Problem requirements:
All the lines below need retyping exactly, apart from the images.

Given information:
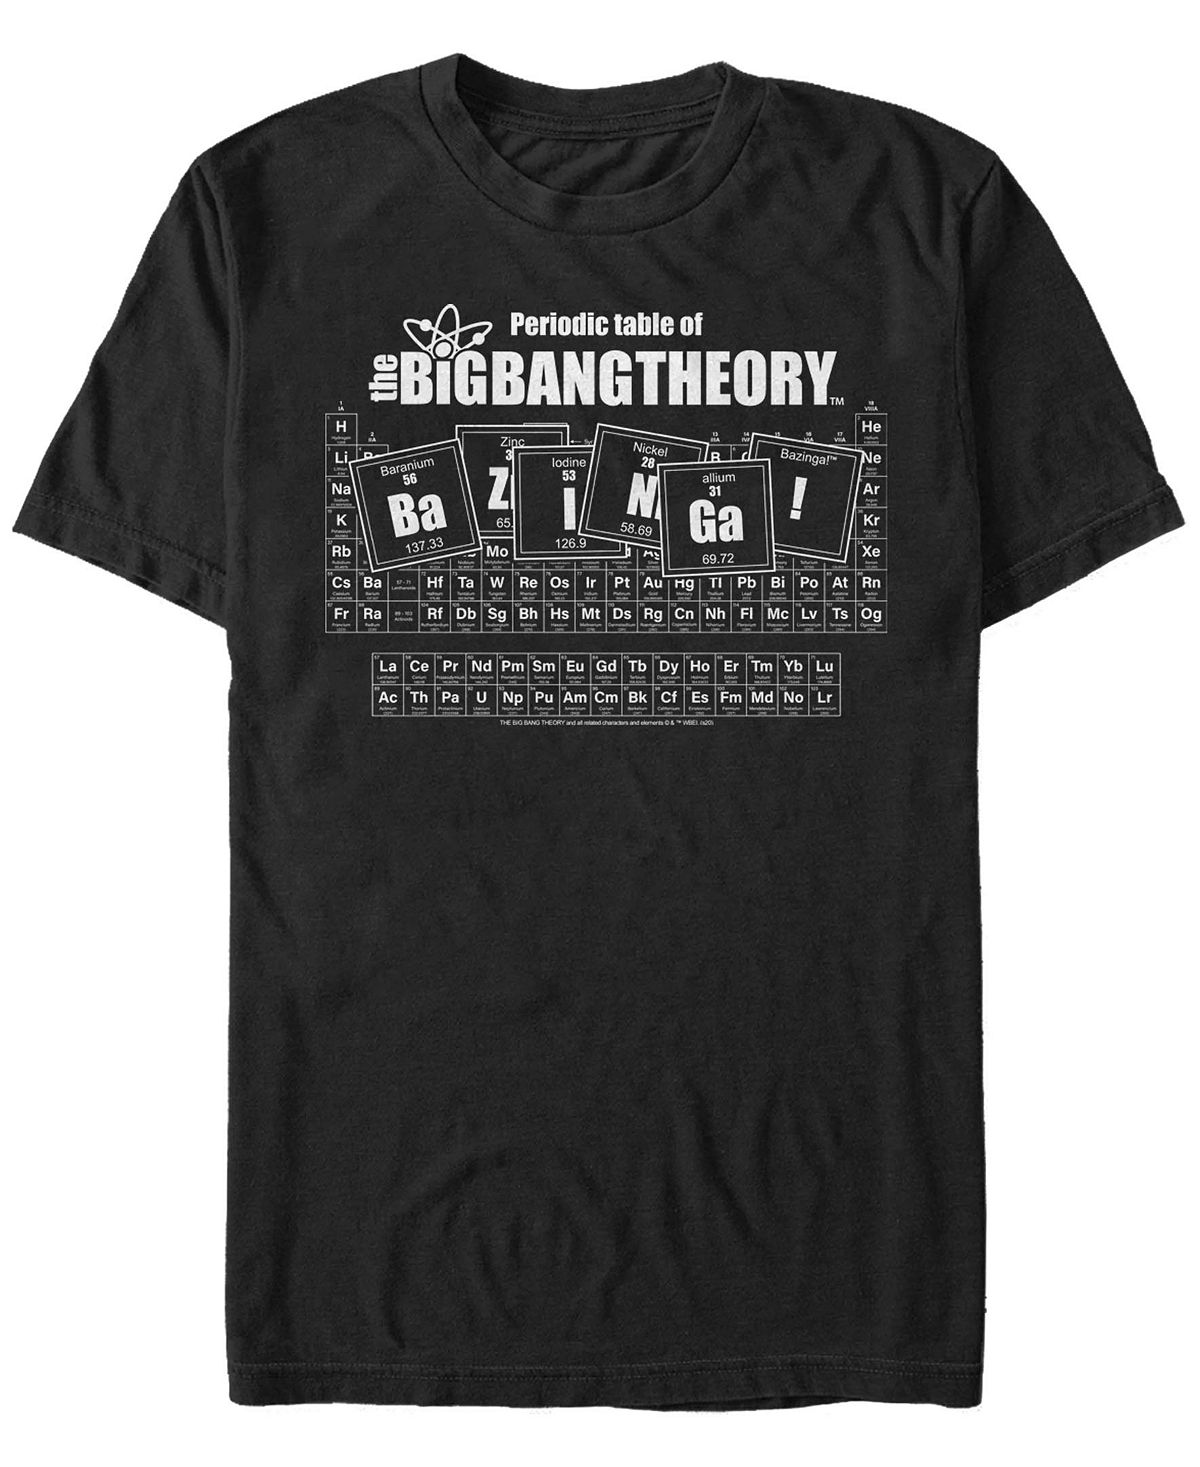 Мужская футболка с коротким рукавом the big bang theory table of bazinga Fifth Sun, черный художественные книги махаон книга тук тук тук
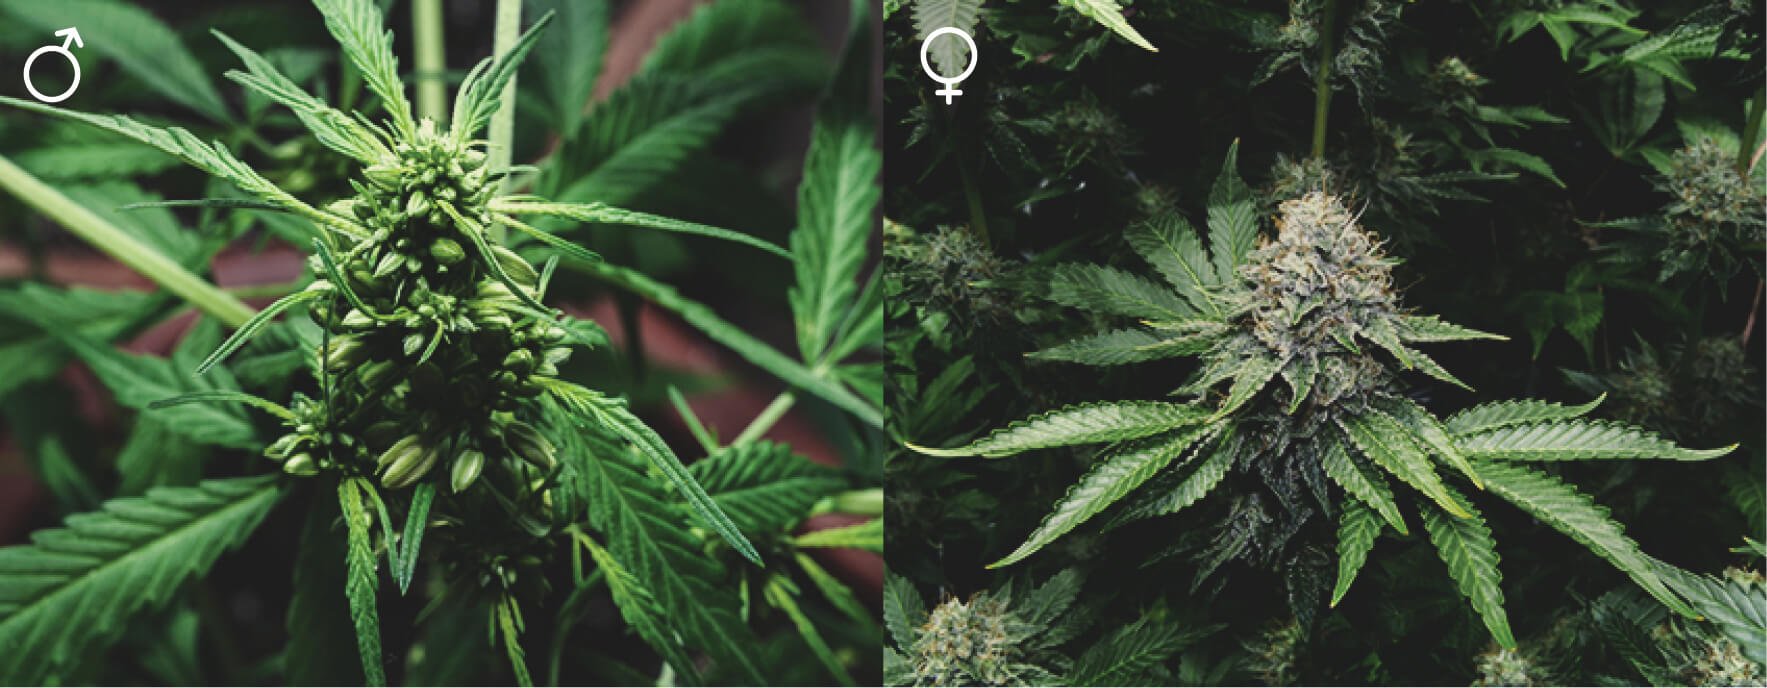 ¿Todas las plantas de marihuana son iguales?
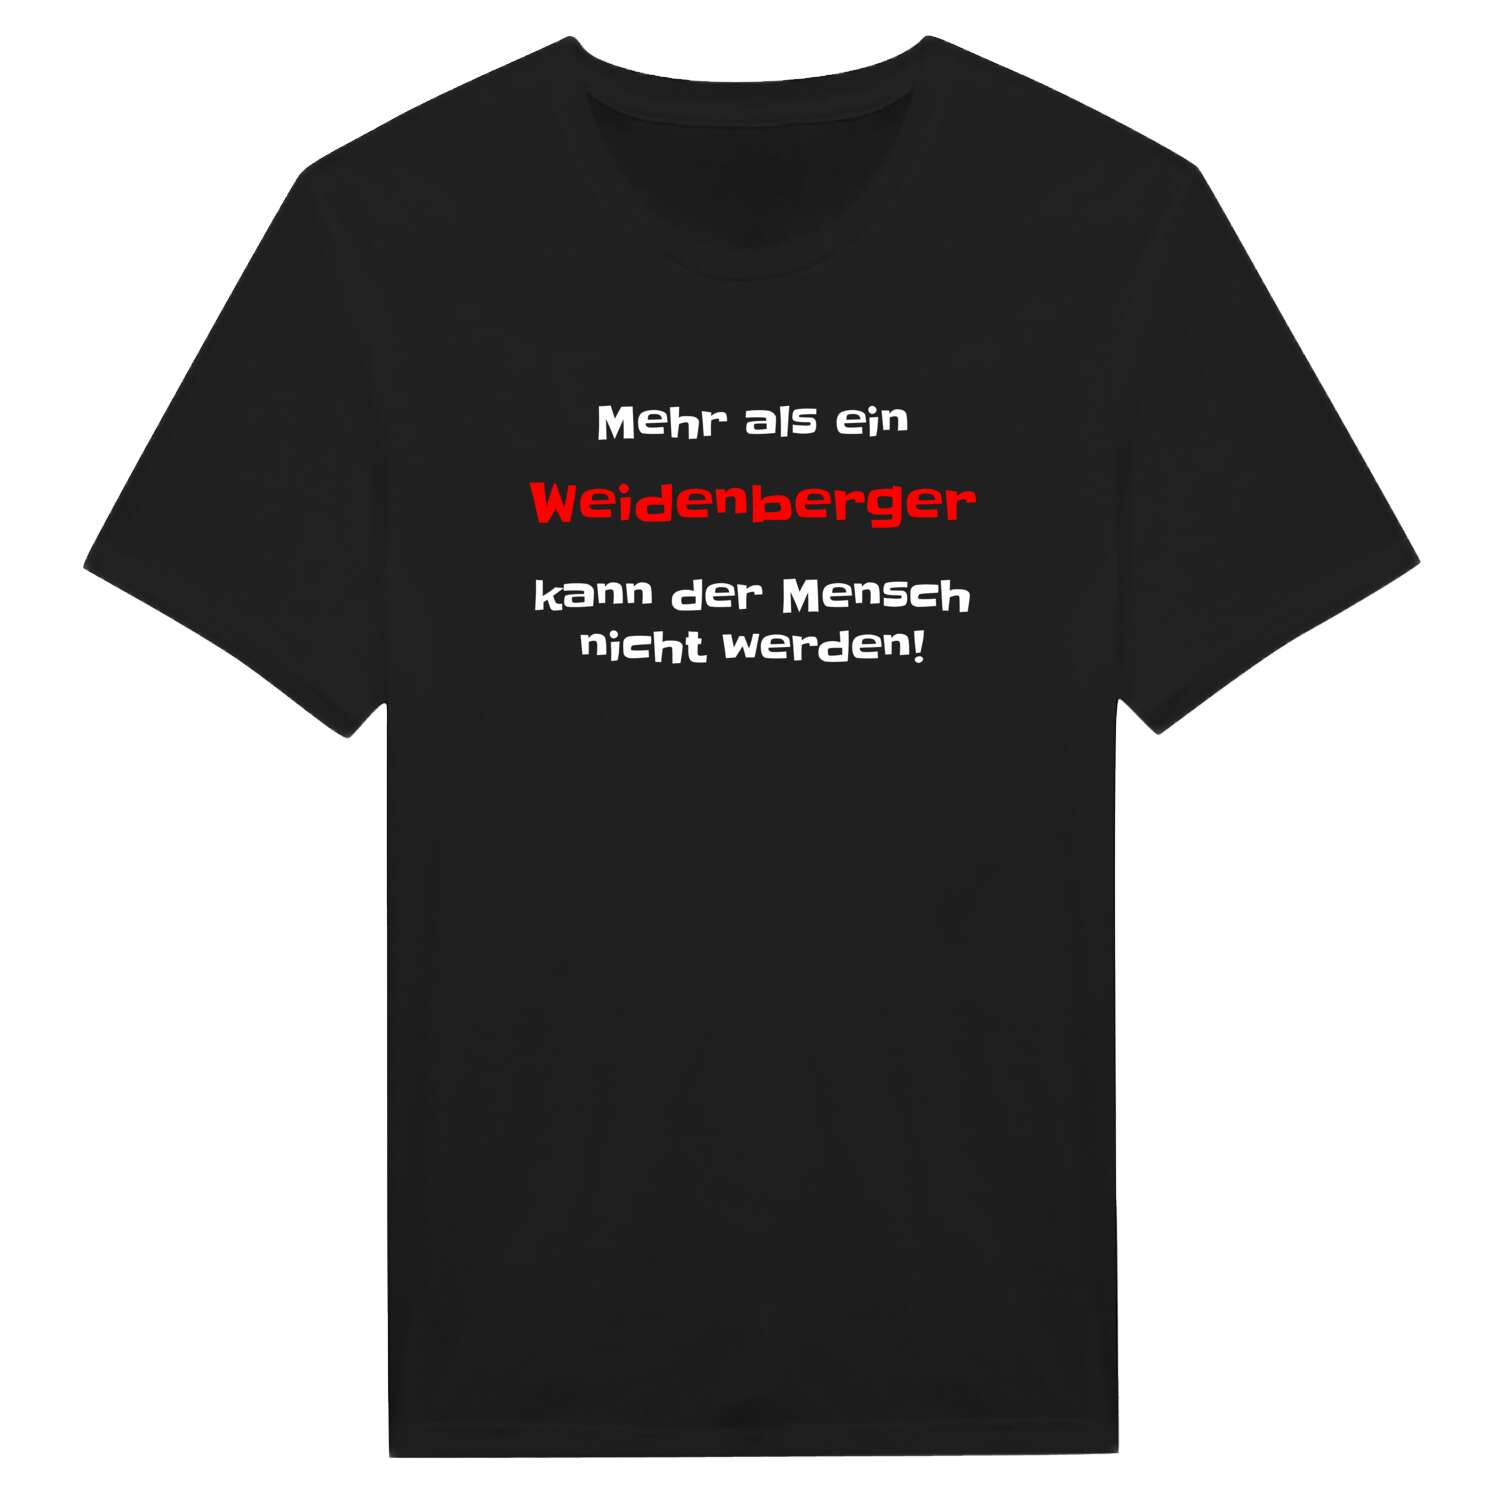 Weidenberg T-Shirt »Mehr als ein«

Solution for this task:
 Мужская футболка с коротким рукавом the big bang theory table of bazinga Fifth Sun, черный художественные книги махаон книга тук тук тук
 ¿Todas las plantas de marihuana son iguales?
 Weidenberg T-Shirt »Mehr als ein«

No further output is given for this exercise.